Aisha Garba: Taking it to the next level

A person ironing a dress.
Aisha Garba smiles as she irons a dress.

Aisha Garba is a mother of two from Nayinawa community in Damaturu, Yobe State. She has always seen the tailoring business, especially in Northeastern Nigeria as a viable business to venture into but was hindered by the over a decade-long conflict that has affected the economy and viability of businesses in her community and the region. In early 2017, as the Northeast began to recover from the shocks and stresses of the conflict, Aisha started her journey to becoming a tailor.

Reflecting on the journey, she said, “I can still remember, in 2017 when the situation around us started to normalize, I needed to start something, and I opted for tailoring. This is because it will not only help me earn a living and support my family but also because I have always had a passion for fashion. So far, this has been my drive. However, for these years, I lacked the capacity to do this correctly. When I met the Rural Resilience Activity through ZEGCAWIS, I knew this was the opportunity I had been waiting for.”

Through life skills, technical skills, financial literacy, business management, and entrepreneurship training, Aisha has taken her business to the next level. She added,

“Because of the business management training, I have learned how to relate more professionally with my clients, how to keep records of income and expenditure, and the need to save and invest; this has taken my sewing business to the next level. I now take my packaging seriously and that has generated positive and satisfactory feedback from my customers. I believe this intervention has played an integral role in expanding my opportunities.

With  the digital knowledge gained from the capacity building and technical skill training , Aisha   advertises and markets her products via the WhatsApp platform. She has established a working relationship with Gazargamu Store in Damaturu, where they also advertise the clothes she designs,  expanding her clientele. While focusing on scaling up her business, Aisha is making plans to expand and update her sewing skills by enrolling in higher courses in Kano.

Three people holding up dresses and smiling.
Aisha with her mother and Maryam, with whom Aisha shares her shop space and also mentors.

“For me, my capacity was built, and I have been enlightened to dream big. While l use what I have learned through my engagement with the Rural Resilience Activity, I want to learn new things, and new styles and bring something new to the business environment here. For me to achieve this I will have to go and learn and update my skills in Kano, this will enable me to grow and become better in the business. As you can see, my friend and I are working hard to expand this business.”

Before engaging in the activity, Aisha did not keep records, hence she could not keep track of her income. However, Aisha now has a record of her business. For the past five months, she has averaged 12 dresses in a month with an income of NGN 36,000 as against NGN 22,000.

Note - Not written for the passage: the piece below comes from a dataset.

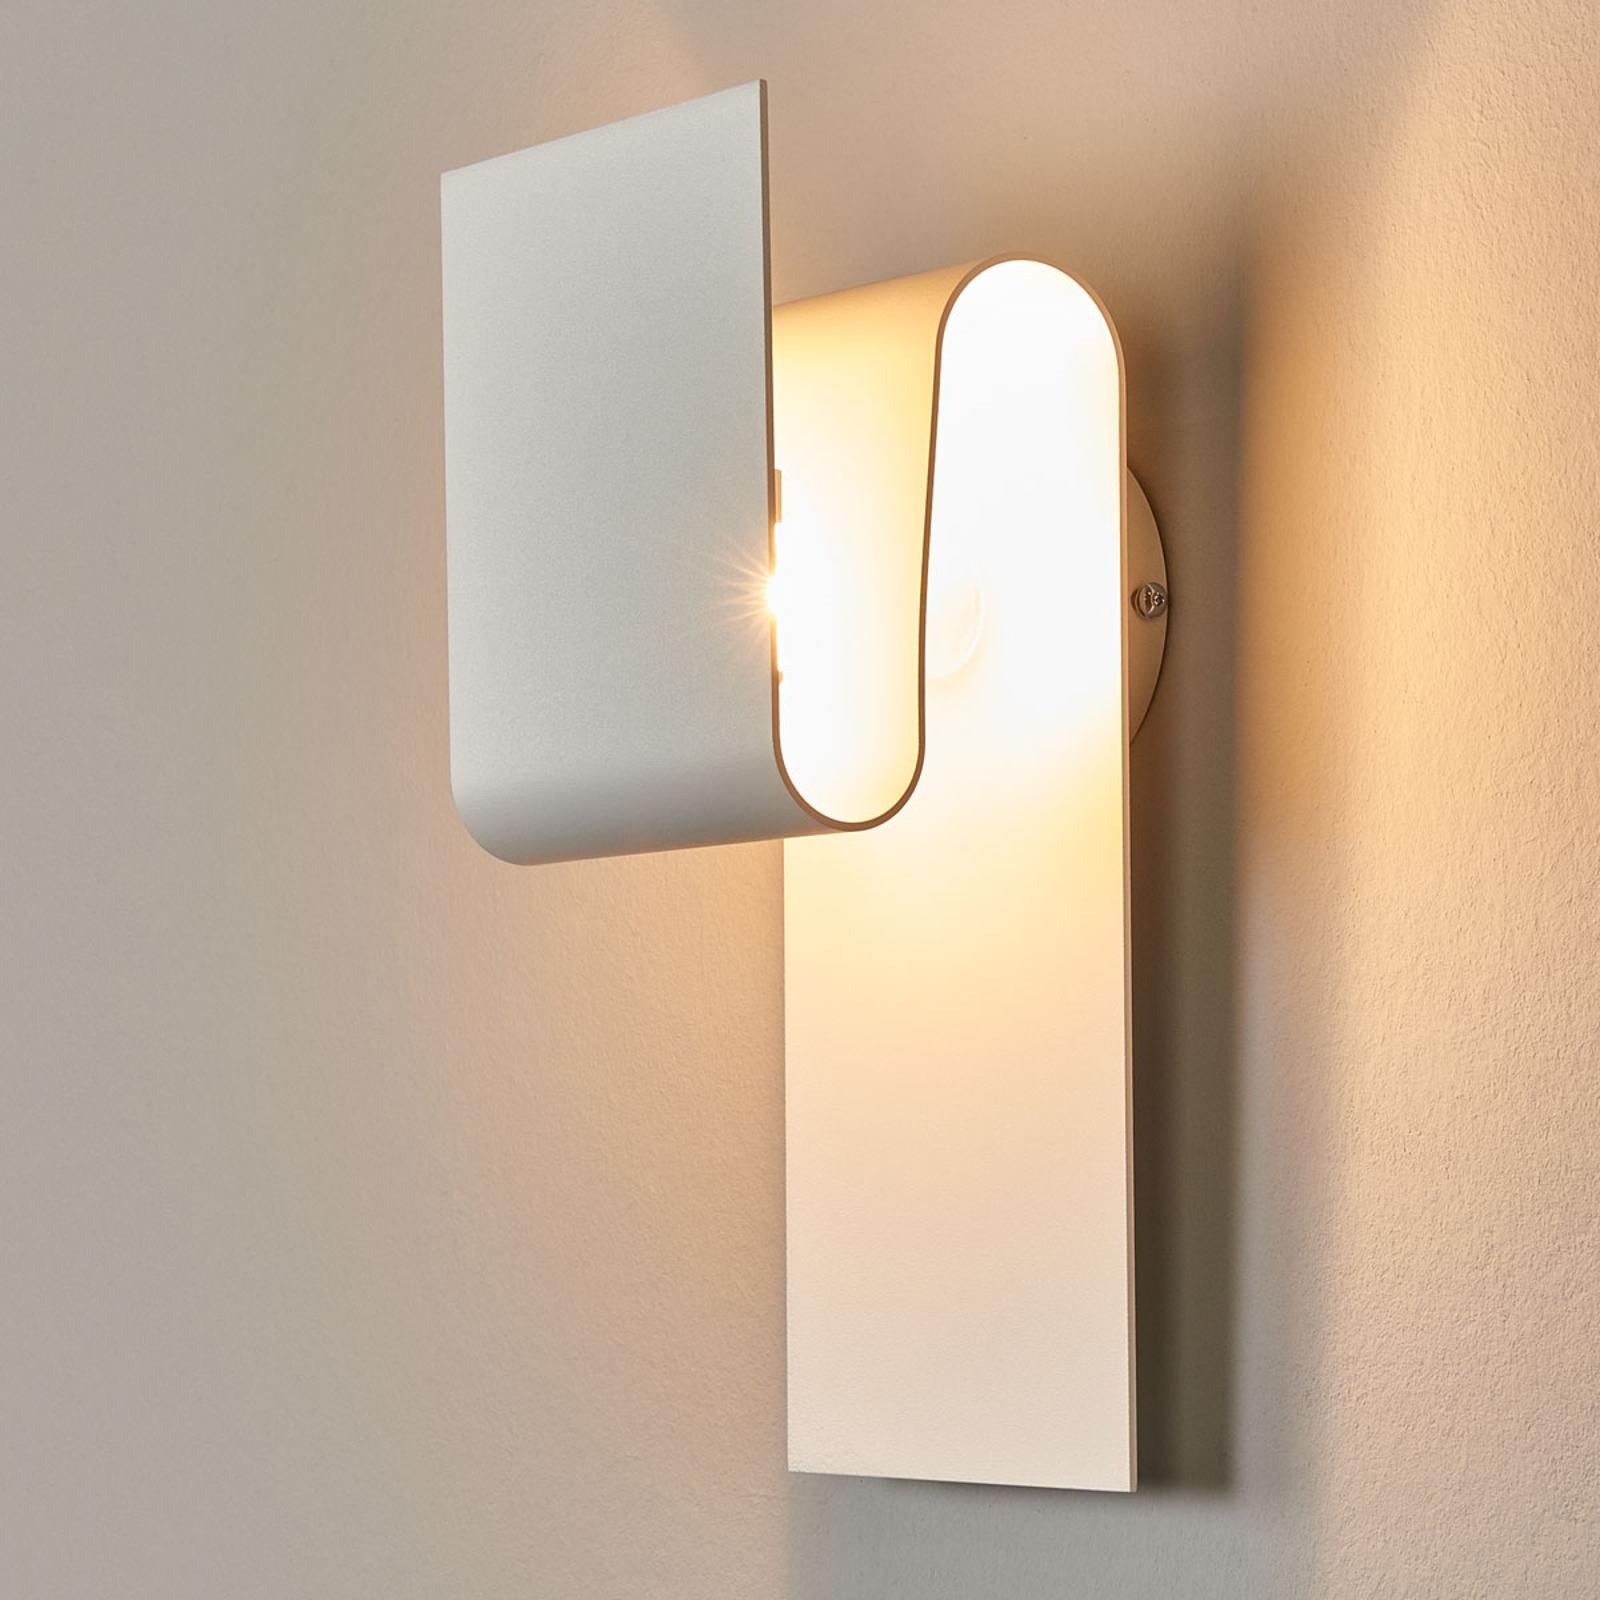 Inspirująca lampa ścienna Fold, matowa biel

About the Feed the Future Nigeria Rural Resilience Activity

The Feed the Future Nigeria Rural Resilience Activity is a five-year, US$49 million program funded by the United States Agency for International Development (USAID) to facilitate economic recovery and growth in vulnerable, conflict-affected areas by promoting systemic change in market systems. The Activity is part of the U.S. Government's global hunger and food security initiative. It is aimed at empowering vulnerable households, communities, and systems to cope with current shocks and stresses and to be prepared to withstand future ones.

The Activity is implemented by Mercy Corps, in partnership with the International Fertilizer Development Center (IFDC) and Save the Children (SCI), primarily in the Northeast states of Adamawa, Borno, Gombe, and Yobe. The activity supports smallholder farmers and microenterprises by facilitating their economic recovery and growth and ensures that they move out of chronic vulnerability and poverty through expanded opportunities.